Wet-nurses were critical to the ancient Egyptians. So critical that agreements between the child’s parents and the Wet-nurse was legalised with paperwork.
For example, a Wet-nurse would be expected to care for the child if the mother died in labour, they would have a trial run before the birth, they had to provide milk for the parents to examine, they were forbidden from nursing any other babies at the same time, not to have intercourse or fall pregnant whilst working with the baby.
For their services, the wet-nurse would be paid and receive oil which was expensive.
Maya, the Wet Nurse of Pharaoh Tutankhamun, also known as “Great One of the Harem”, “The One who has suckled the God” and “The Greatly praised one of the Perfect God”.

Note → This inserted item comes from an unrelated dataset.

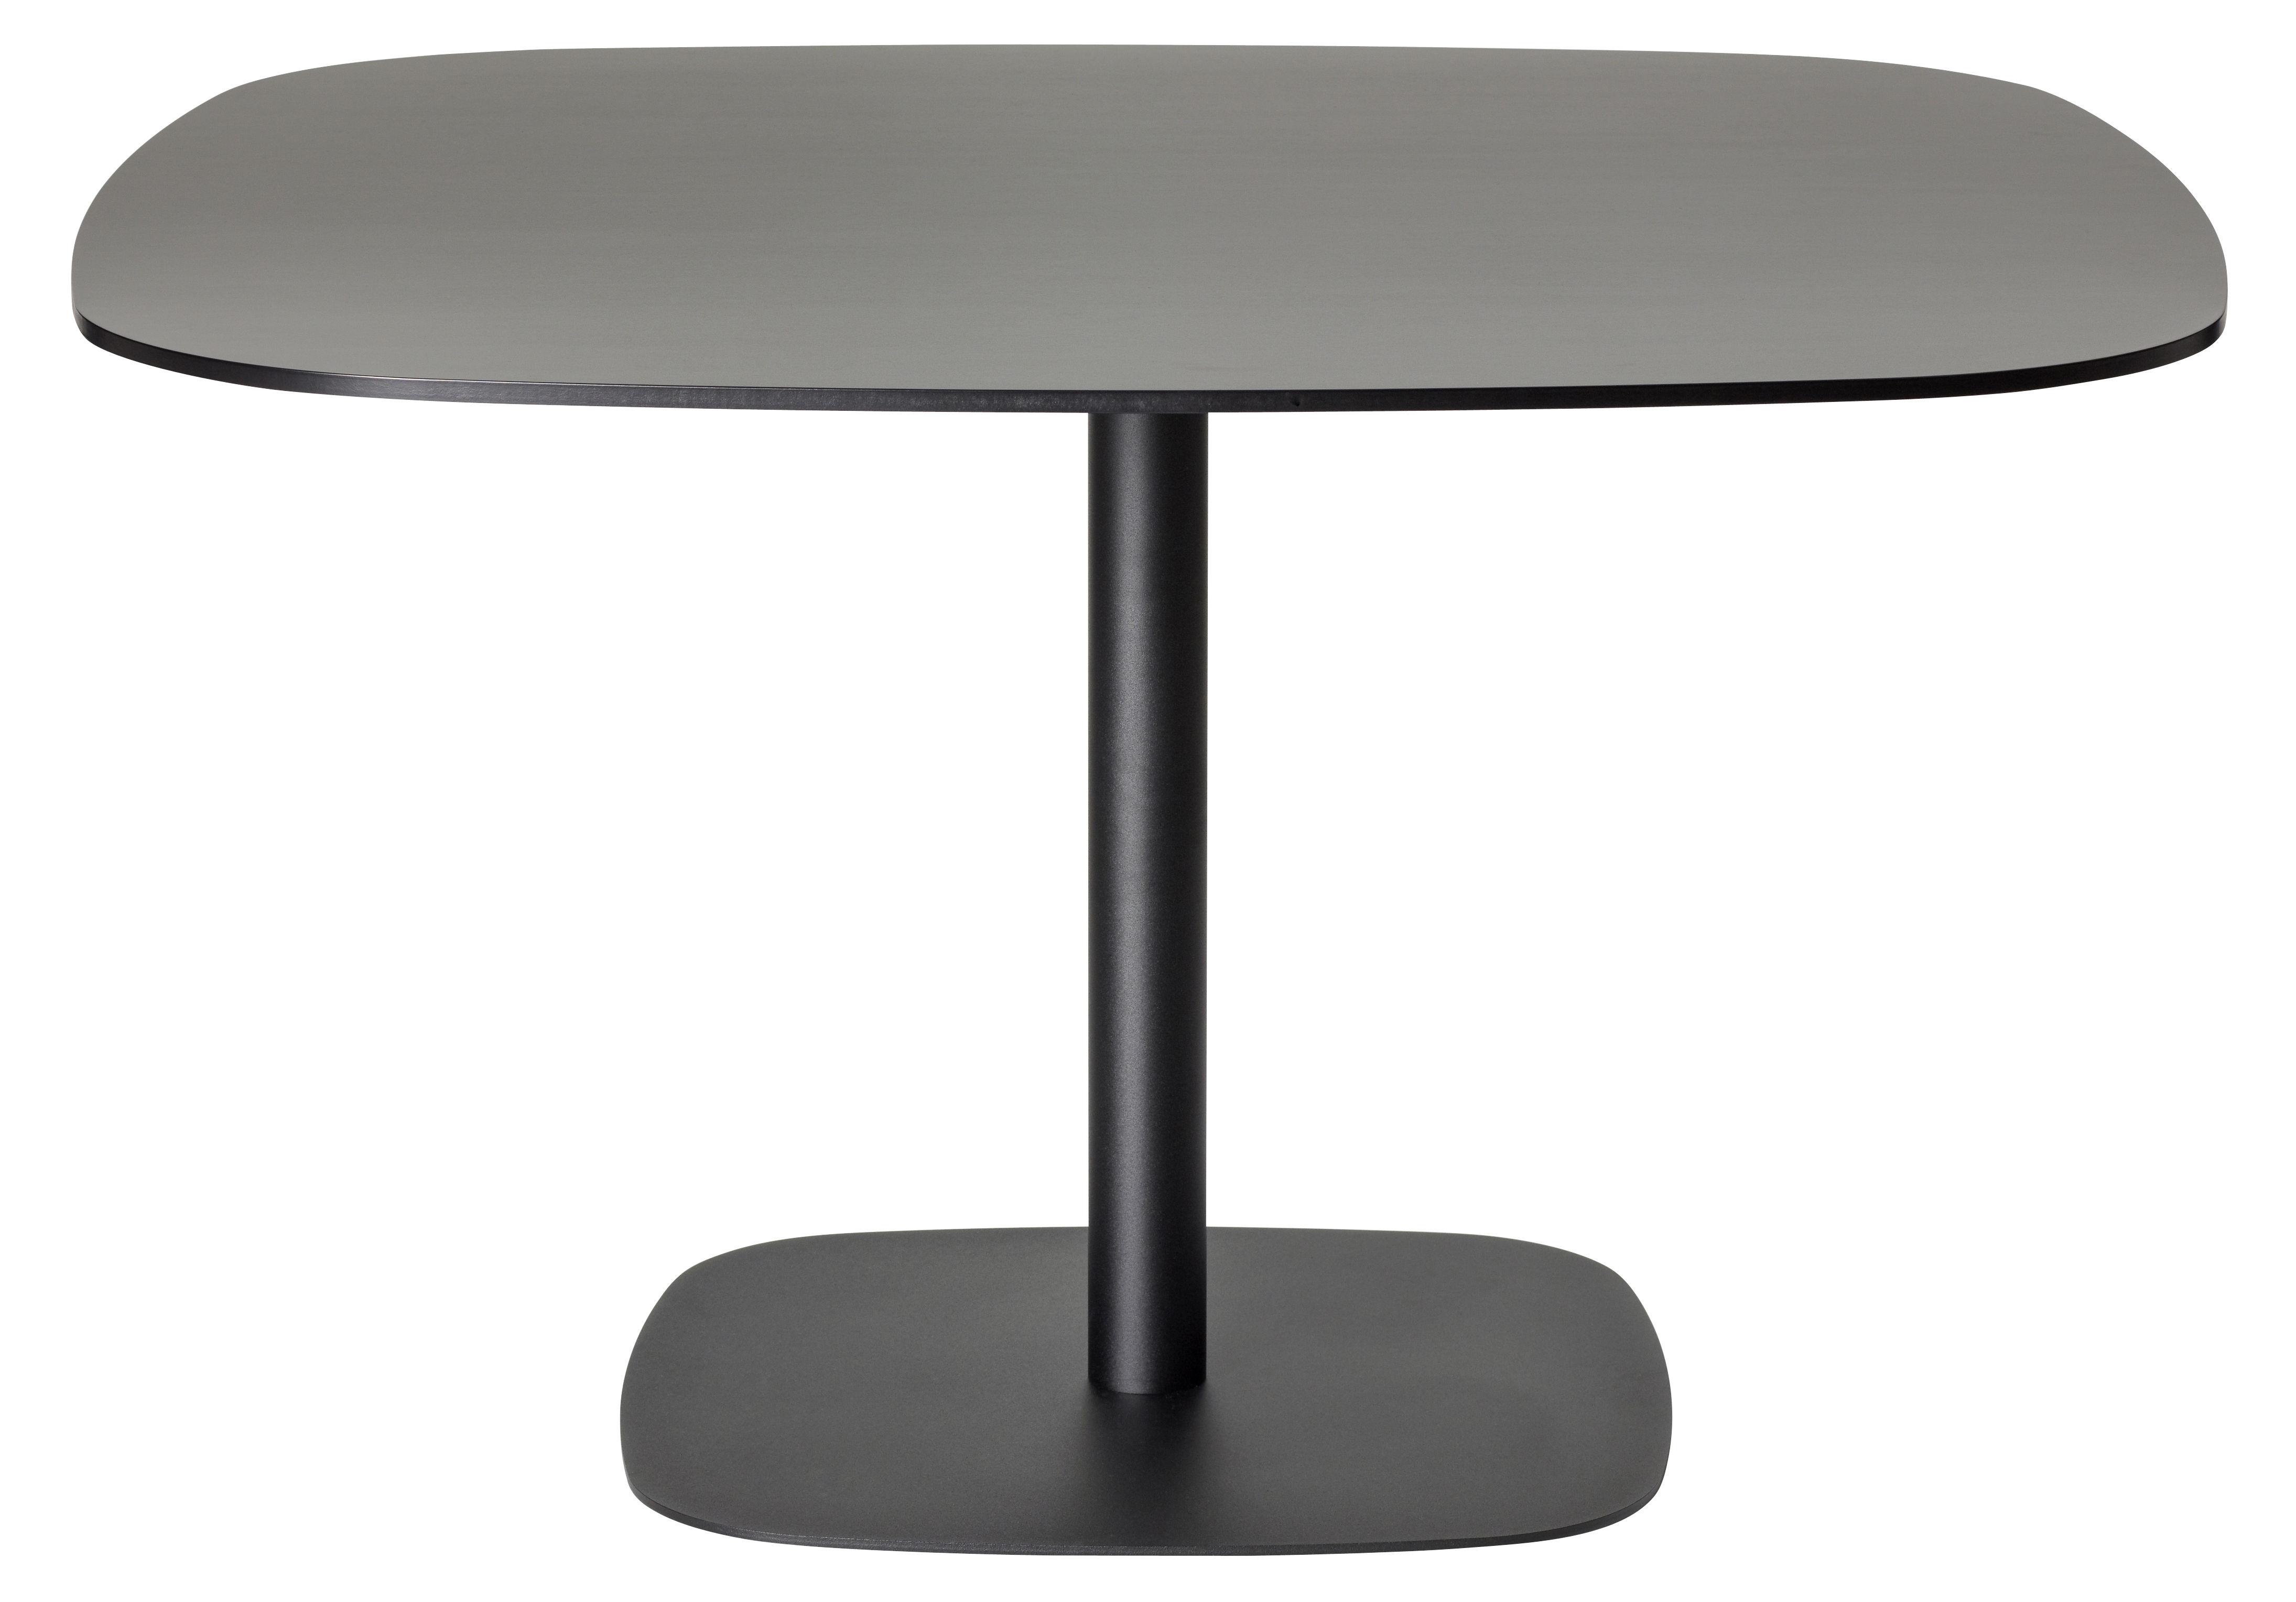 Mobilier - Tables - Table carrée Nobis / 90x90 cm - Offecct - Noir - 90x90 cm - Contreplaqué compact, Métal laqué

To see Maya’s Tomb which Pharaoh Tutankhamun built for her in the Saqqara Necropolis, click here.
Sitre In was the Wet nurse for Pharaoh Hatshepsut, and she recognised her Nurses’ devotion to her charge when she died. Pharaoh Hatshepsut had her buried within the Valley of the Kings, in Tomb KV60 which was very unusual for a non-Royal and non-Family member to be buried. Her Title was “Great Royal Wet Nurse In”.